Does higher Institutional Quality improve the Appropriateness of Healthcare Provision?
De Luca G., Lisi D., Martorana M., Siciliani L., 2021 – Journal of Public Economics
Healthcare spending in OECD countries represents about 9% of GDP and the majority of health expenditure is publicly financed. Health spending is expected to grow further in the next years driven by an ageing population and technological innovation, raising challenges to the sustainability of public finances. Increasing the appropriateness in healthcare provision is thus critical in making health systems sustainable.
In this critical sector, the role of the institutional framework is of paramount importance. Is the appropriateness of healthcare provision determined by different degrees of institutional quality?
Giacomo De Luca, Domenico Lisi, Marco Martorana, Luigi Siciliani provide an answer in a recently published article, Does higher Institutional Quality improve the Appropriateness of Healthcare Provision? in the Journal of Public Economics: they investigate the effect of institutional quality on the appropriateness of healthcare provision in Italian hospitals. Given the wide regional heterogeneity both in healthcare provision and institutional quality, Italy provides a particularly suitable case study.
To capture the appropriateness of healthcare provision, the authors employ a widely recognized indicator, namely cesarean section rates during childbirth for first-time mothers provided by the National Program for Outcome Assessment (Programma Nazionale Esiti, PNE). In absence of clinical reasons or complications, vaginal delivery is the recommended mode of delivery and preferred to C-section for a series of motivations, going from a higher risk of maternal mortality as well as infant morbidity. This measure is also convenient because it is vulnerable to providers’ opportunistic behaviors and thus captures eventual inefficiency of healthcare provision.

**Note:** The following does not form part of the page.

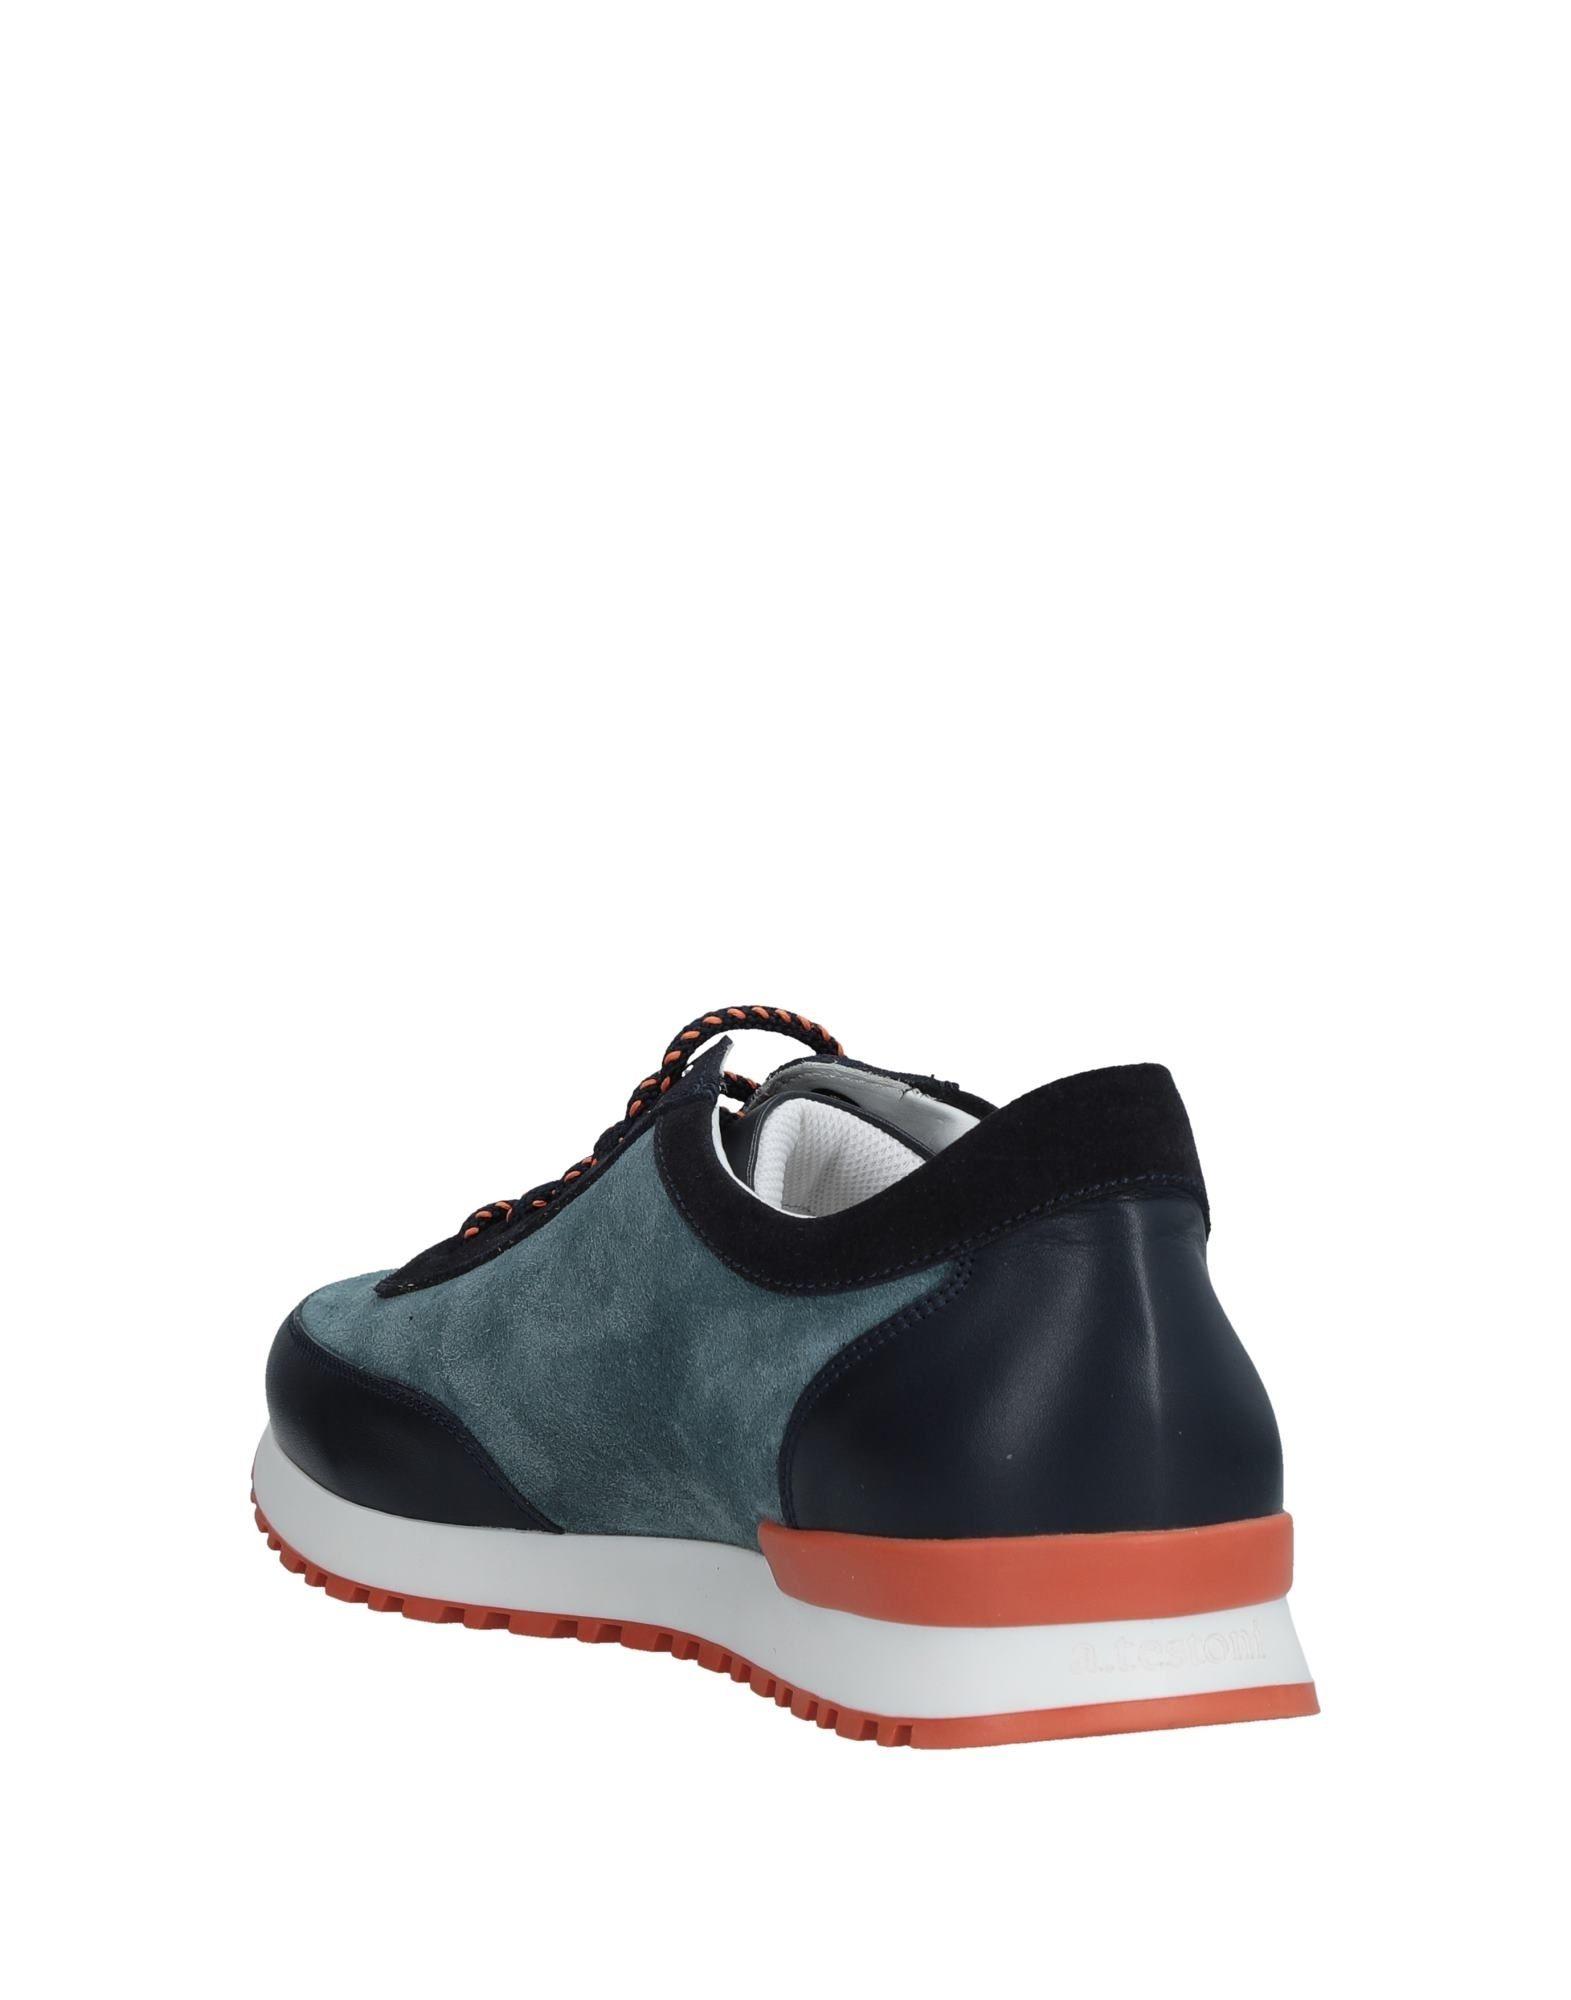 A.Testoni Sneakers Herren  11543048BX Gute Qualität beliebte Schuhe

Italy exhibits large variations in C-section rates across regions that cannot be explained by sociodemographic and clinical factors. Figure 1 provides visualization on the distribution of this variable in the period 2007-2012.
To measure institutional quality in Italian regions, the authors rely on two different indicators. The first is the Institutional Quality Index (IQI), a multidimensional quantitative indicator based on five dimensions of institutional quality: voice and accountability, government effectiveness, regulatory quality, rule of law, and control of corruption. As an alternative measure, they also employ the European Quality of Government Index (EQI), which is a perception-based multidimensional indicator. Both indicators display large differences across Italian regions, as Figure 2 clearly shows.

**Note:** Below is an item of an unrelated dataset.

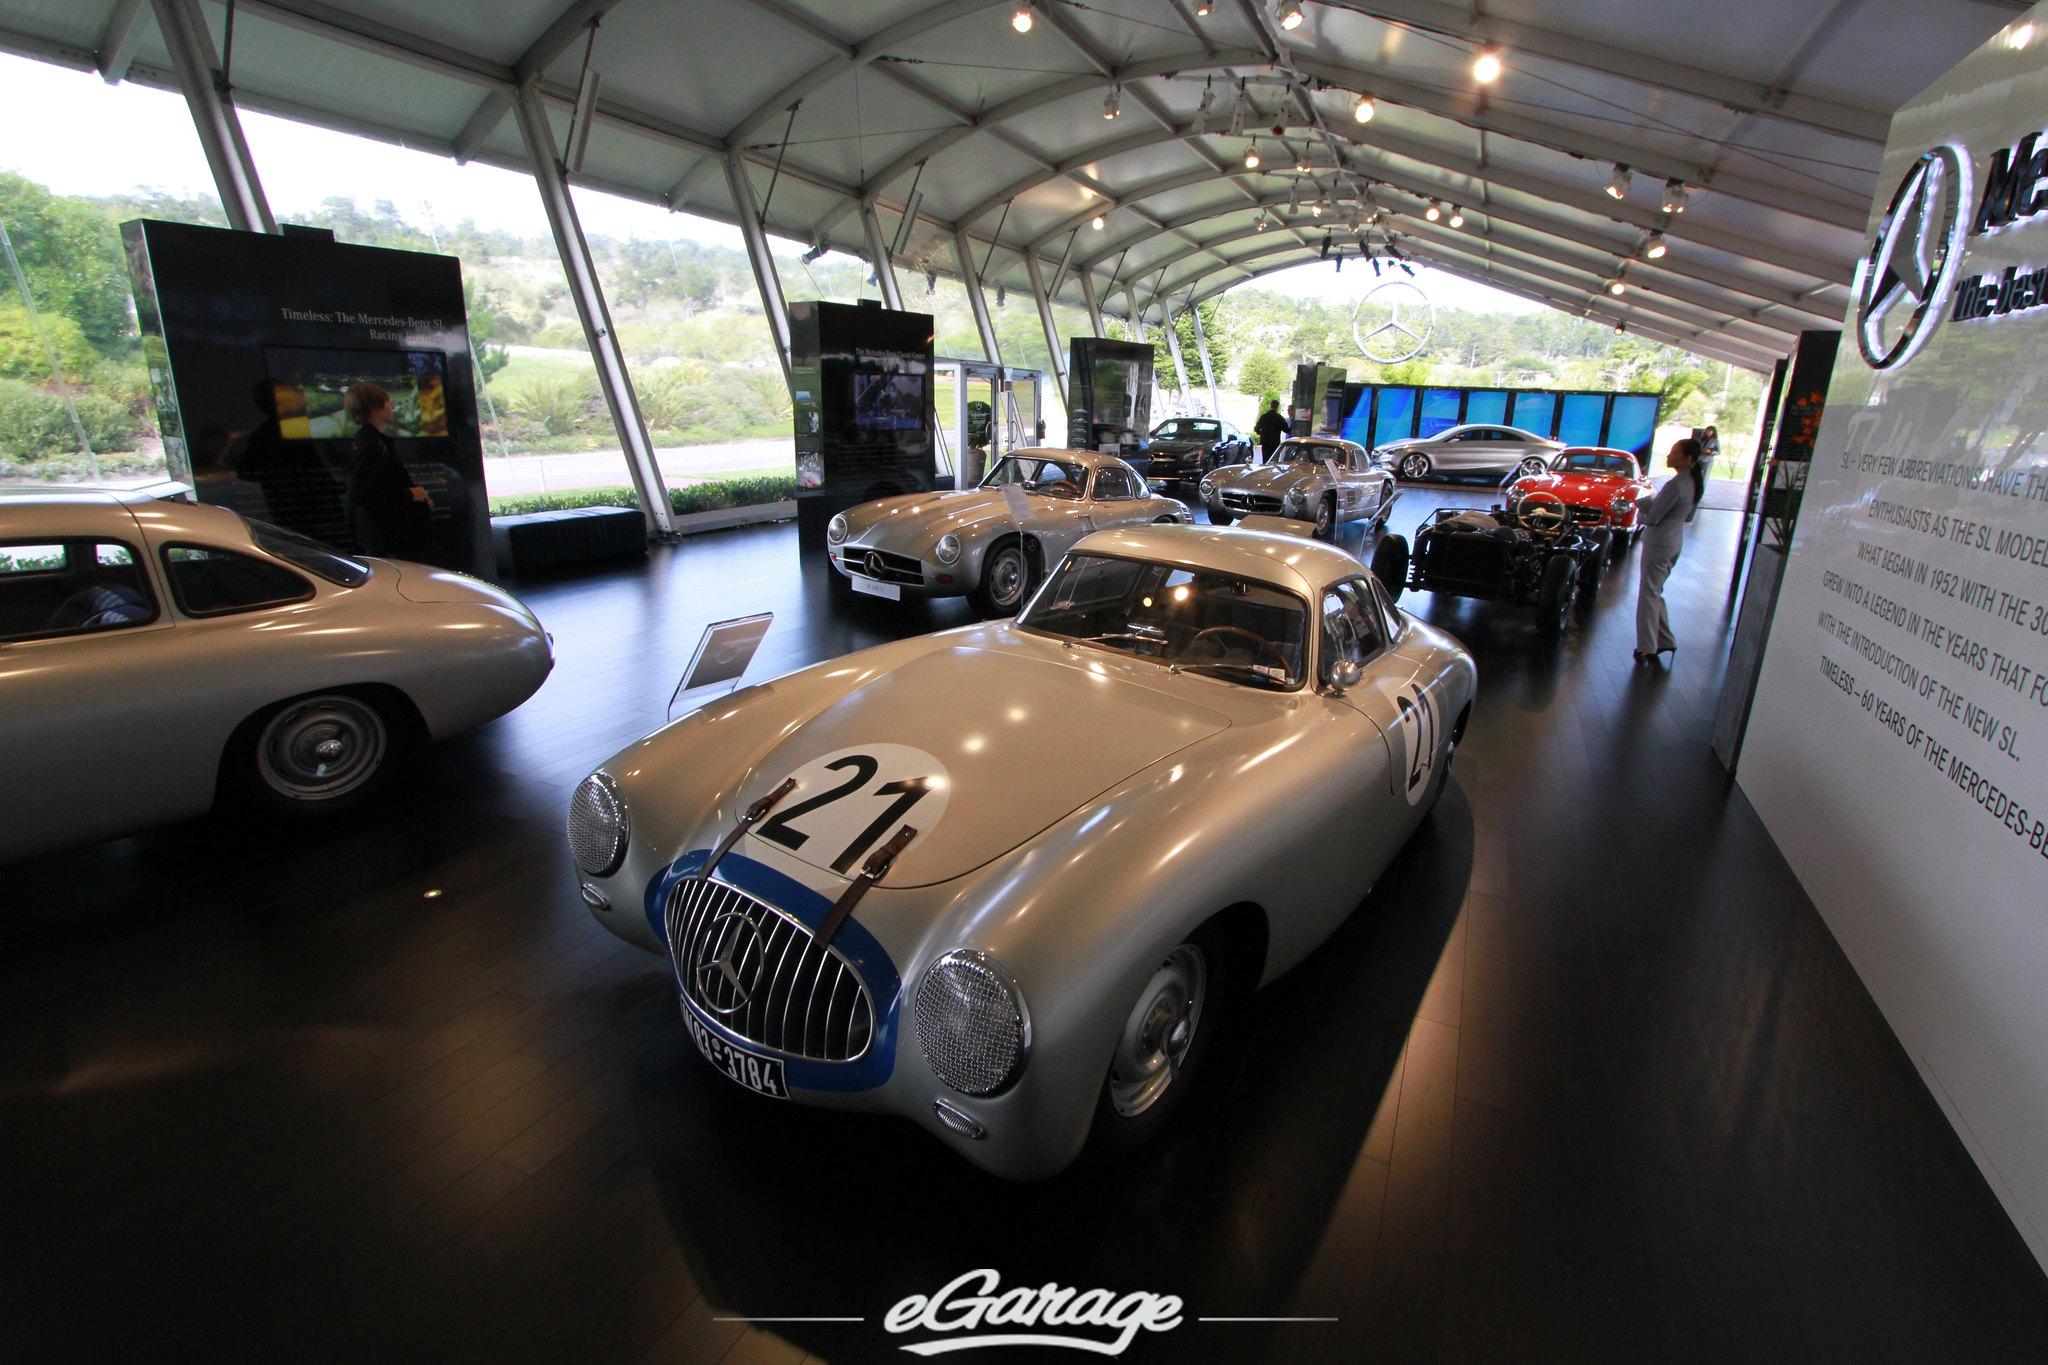 7828943514 b45045108b k Mercedes Benz Classic

To identify the causal effect of institutional quality the authors rely on two historical variables capturing past cultural and political background, both available at the regional level. The first is an indicator of quality of political institutions in the period from 1600 to 1850 measured by the ‘‘Constraints on the decision making powers of chief executives” as defined by the dataset Polity IV. The second is the literacy rate in 1881. It gives a good proxy of the different cultural traits in Italian regions pre-dating the Kingdom of Italy.
The empirical strategy aims at estimating the causal effect of institutional quality on cesarean section rates, through an instrumental variable (IV) approach. Indeed, current institutions, and their quality, are largely the product of historical dynamics: therefore, the effect of past cultural traits and institutional quality are exploited as an exogenous source of variation in current institutional quality.
This study provides some strong results: institutional quality improves the appropriateness in the provision of childbirth services or, putting it differently, it plays a significant role in shaping provider incentives and in improving the efficiency of healthcare systems. A standard deviation increase in IQI leads to a reduction of about 10 percentage points in C-section rates. The results are robust to alternative indicators of institutional quality and samples. Additionally, amongst the dimensions of institutional quality, corruption and government effectiveness in the local area appear to be the most relevant in affecting the healthcare provision.
What are the mechanisms at stake? First of all, the authors suggest that a higher institutional quality maps into pro-active policies (i.e. hospitals’ payment policies) to reduce inappropriate provision. Furthermore, institutional quality positively affects not only appropriateness of care but also clinical quality: it reduces heart attack mortality rates, but it does not affect stroke mortality or mortality for chronic obstructive pulmonary disease. Overall, the results suggest that a worse institutional environment weakens hospitals’ incentives to select treatments that are cost-effective.
To conclude, this study puts forward some interesting insights. Paying attention to the quality of the institutional framework in which healthcare providers operate should be central in policymaking as well as long term policies enhancing their accountability. This involves expanding the scope of benchmarking across hospitals and local administrations through performance measures, and of public reporting in an accessible and user-friendly format. Finally, the analysis also suggests that in decentralized systems, the central government could play a coordinating role or introduce minimum standards to contain inappropriateness in healthcare provision.
Similar mechanisms may apply for other publicly-funded services characterized by high discretion of providers and difficulties in the measurement of performance which blur accountability (e.g., education, procurement). Indeed, whenever formal rules are missing or generic, the institutional framework is important in shaping the rules of the game and, thus, in affecting the behavior of public officials.